[Problem to solve]
Using the listing below, output only the lines from the one that contains "2016 Kawasaki KX100" through the one that contains "اولین استریمر ایرانی", inclusive, exactly as given and without images.

[Input records]
#####

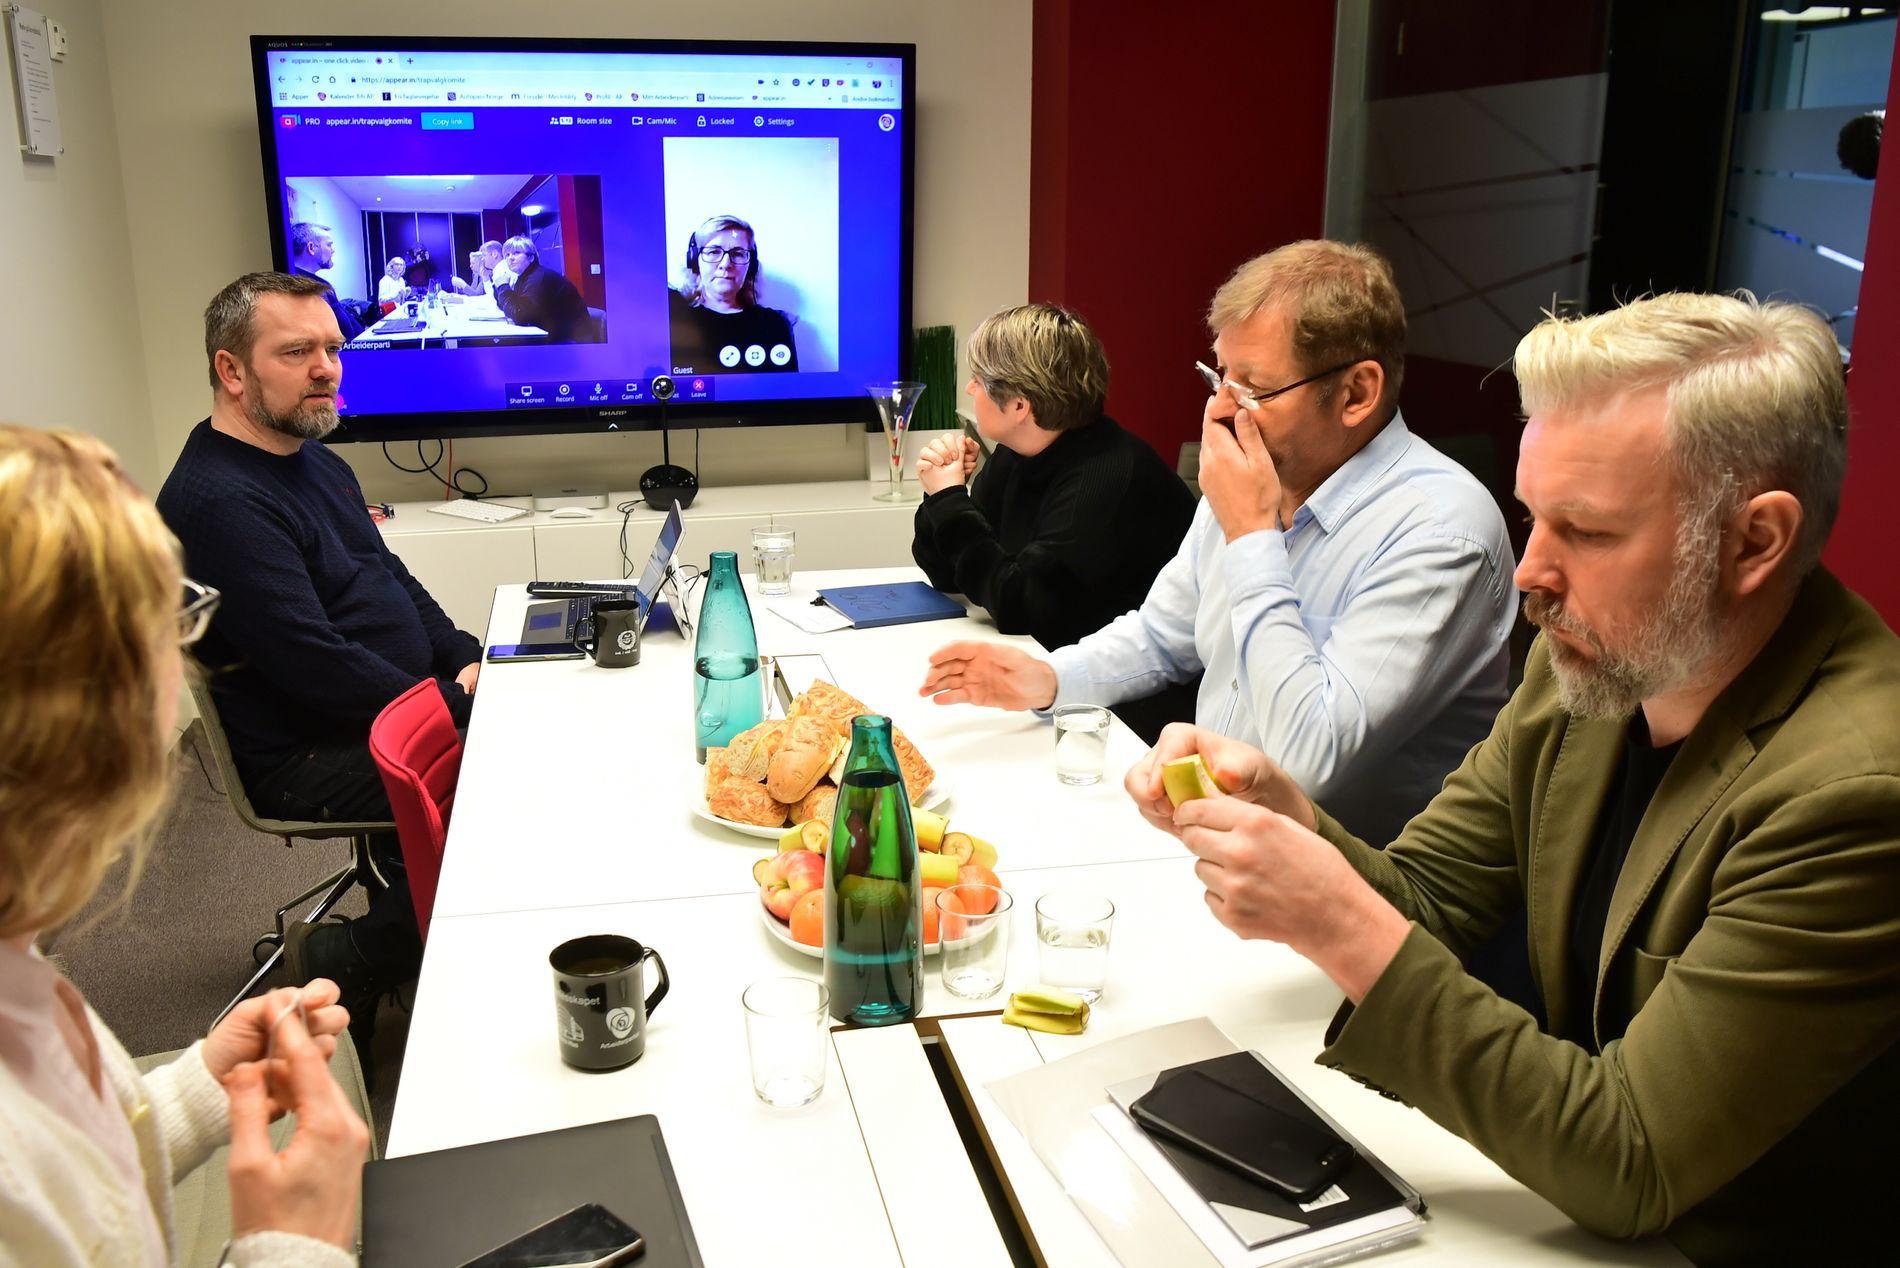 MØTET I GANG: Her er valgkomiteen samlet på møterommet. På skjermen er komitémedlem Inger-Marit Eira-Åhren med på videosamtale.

#####

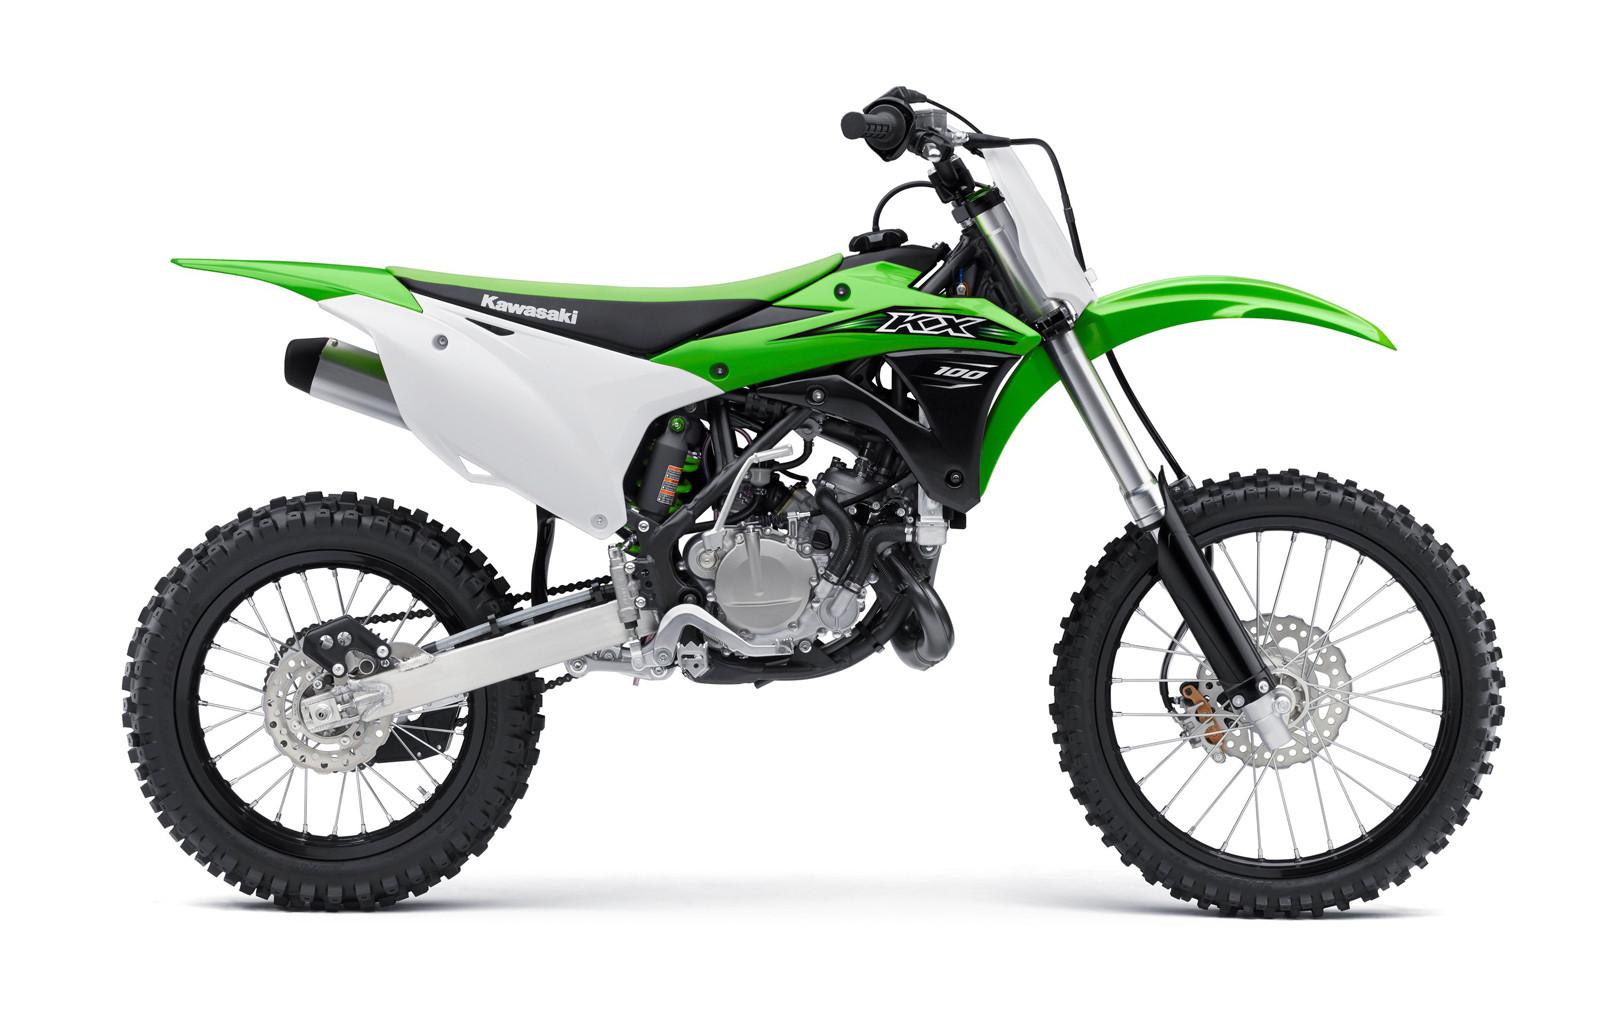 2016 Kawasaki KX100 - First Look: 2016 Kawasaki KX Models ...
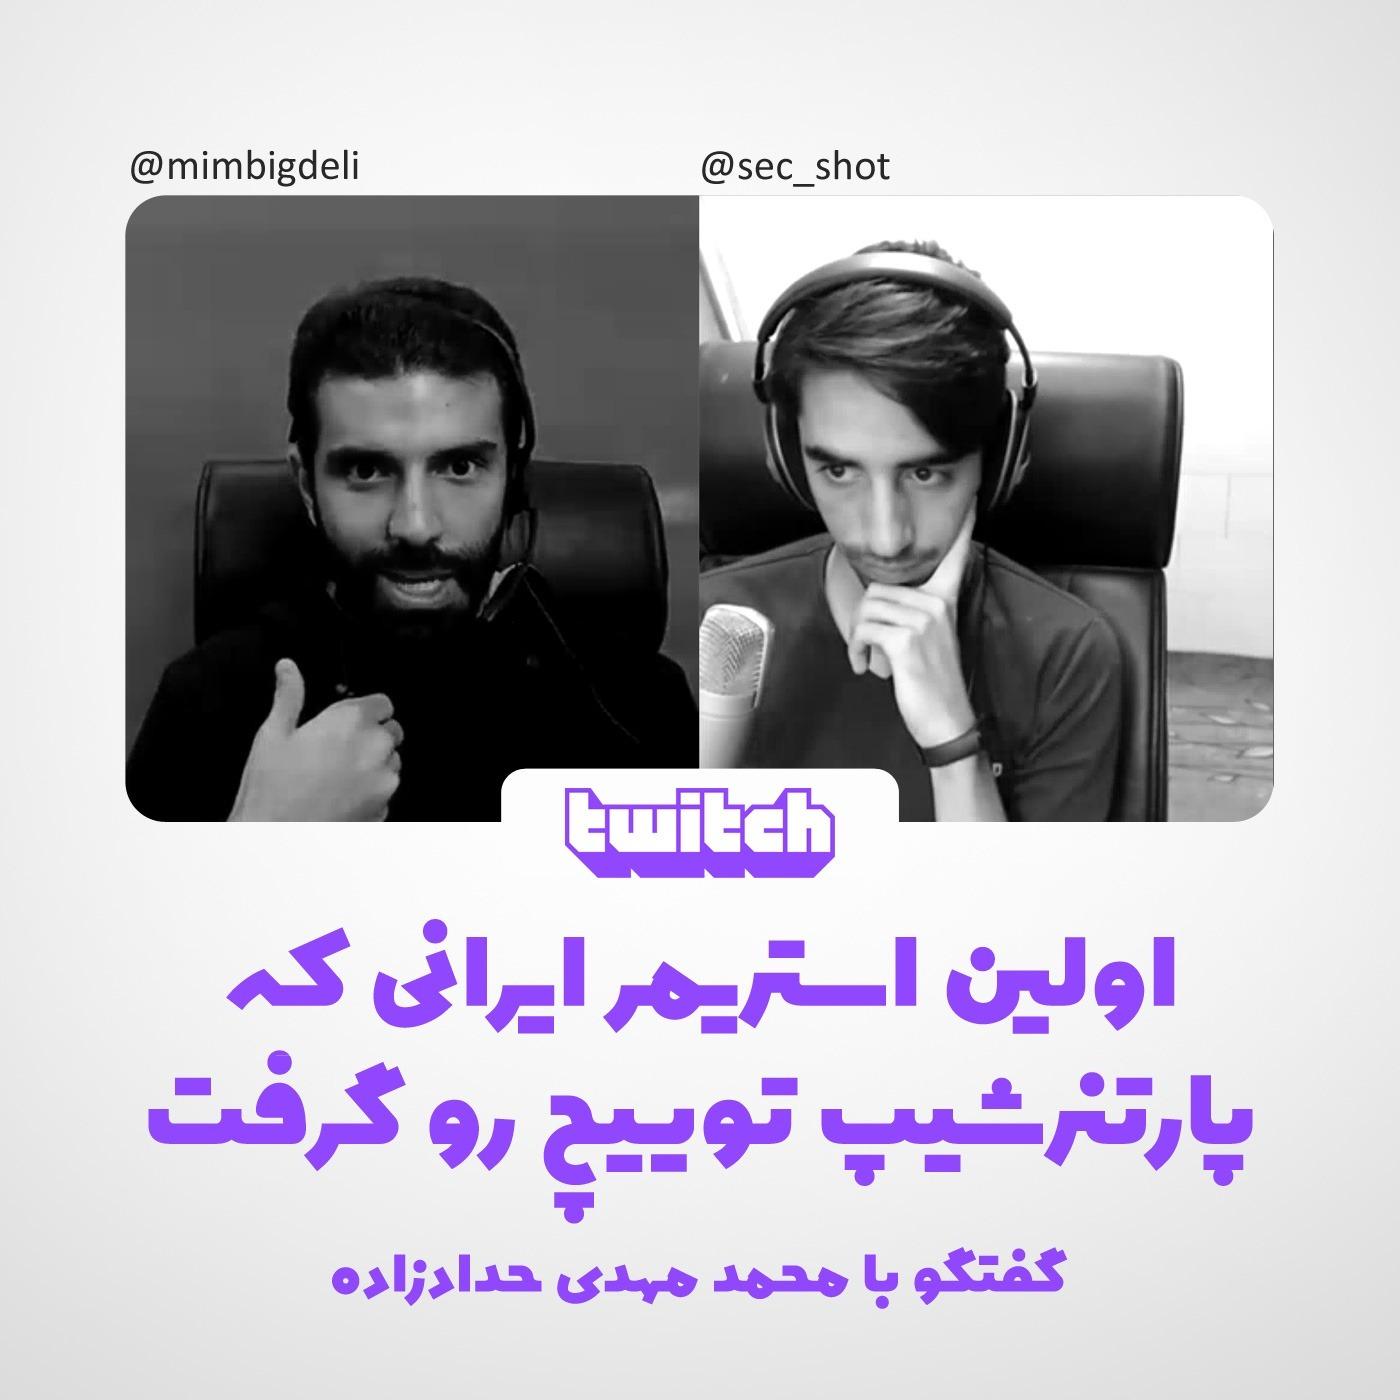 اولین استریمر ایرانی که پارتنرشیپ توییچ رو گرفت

#####

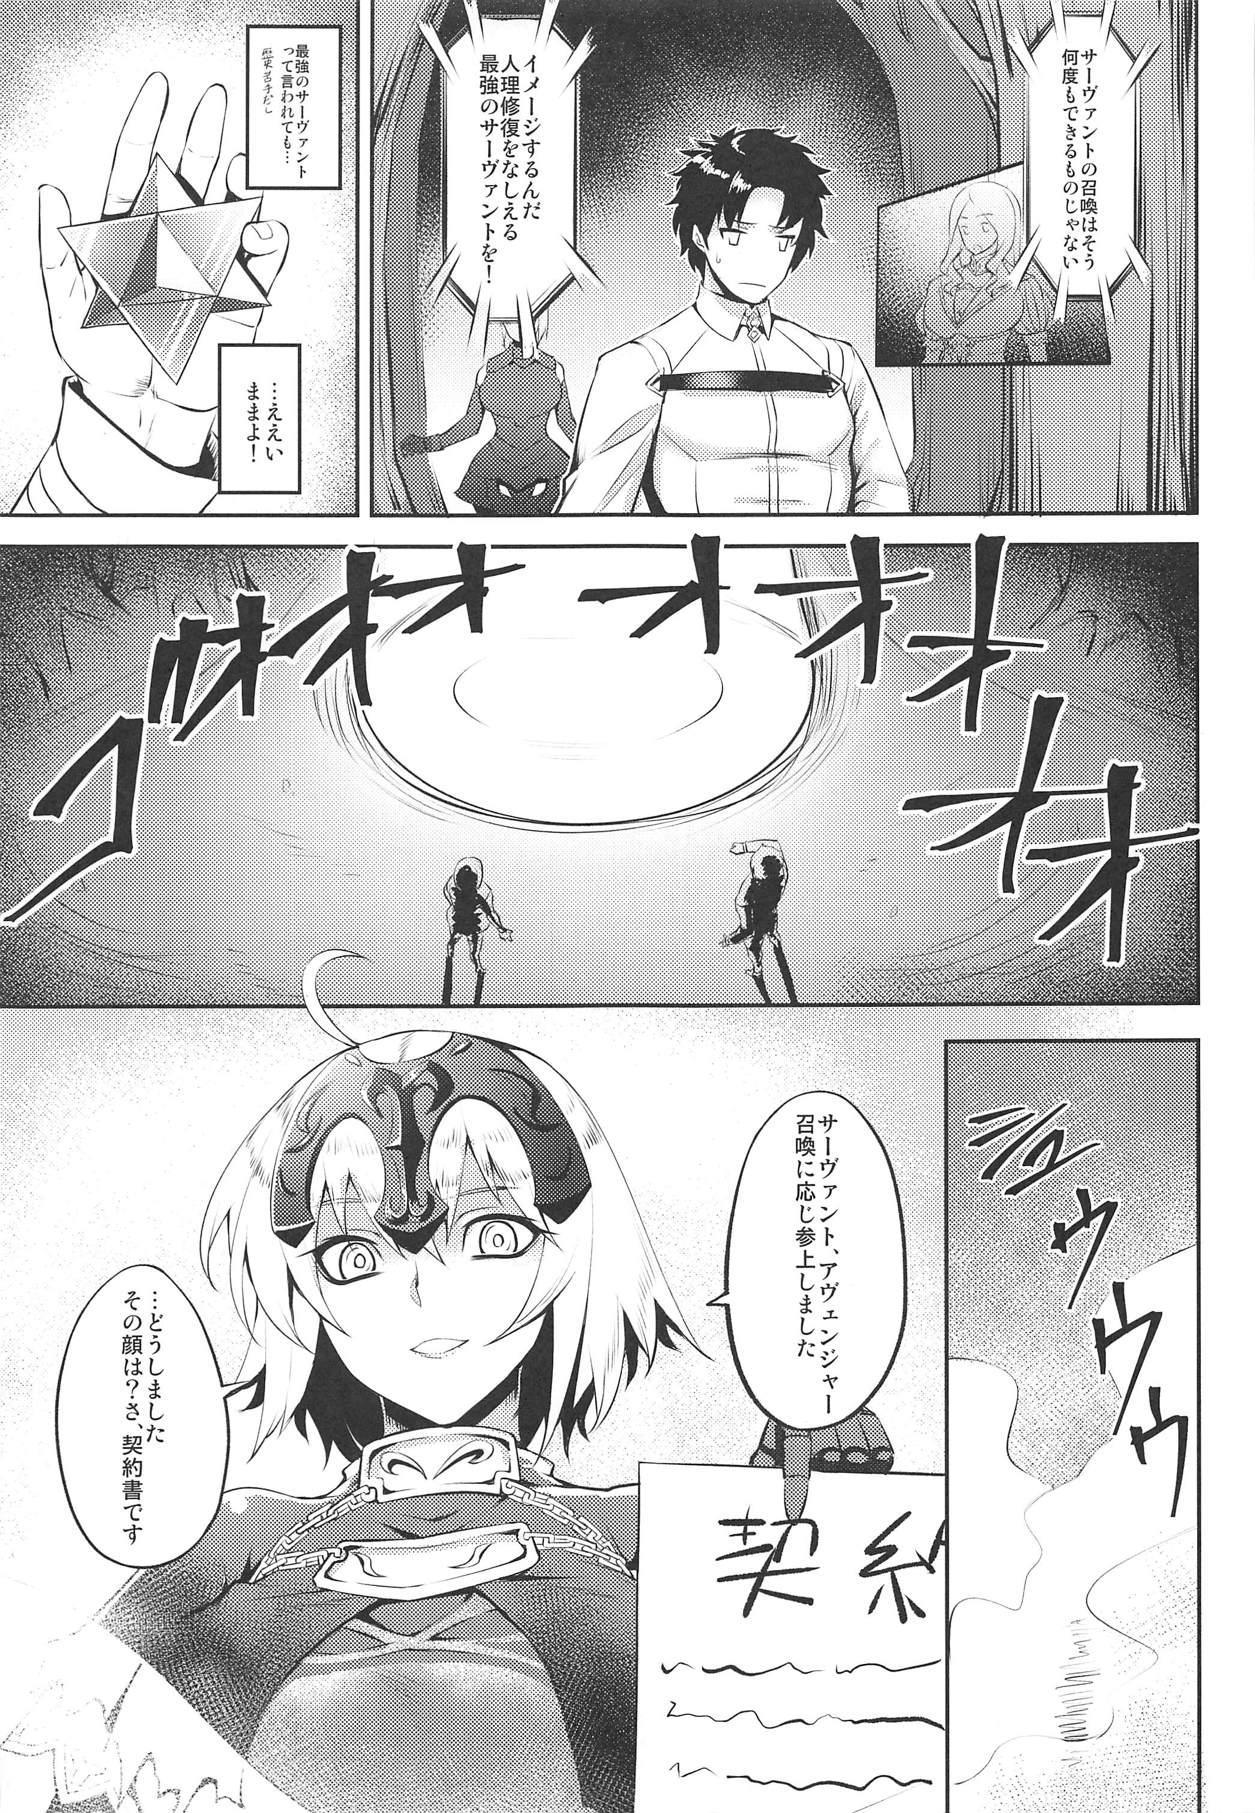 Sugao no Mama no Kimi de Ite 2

#####

[Reply to the task]
 2016 Kawasaki KX100 - First Look: 2016 Kawasaki KX Models ...
 اولین استریمر ایرانی که پارتنرشیپ توییچ رو گرفت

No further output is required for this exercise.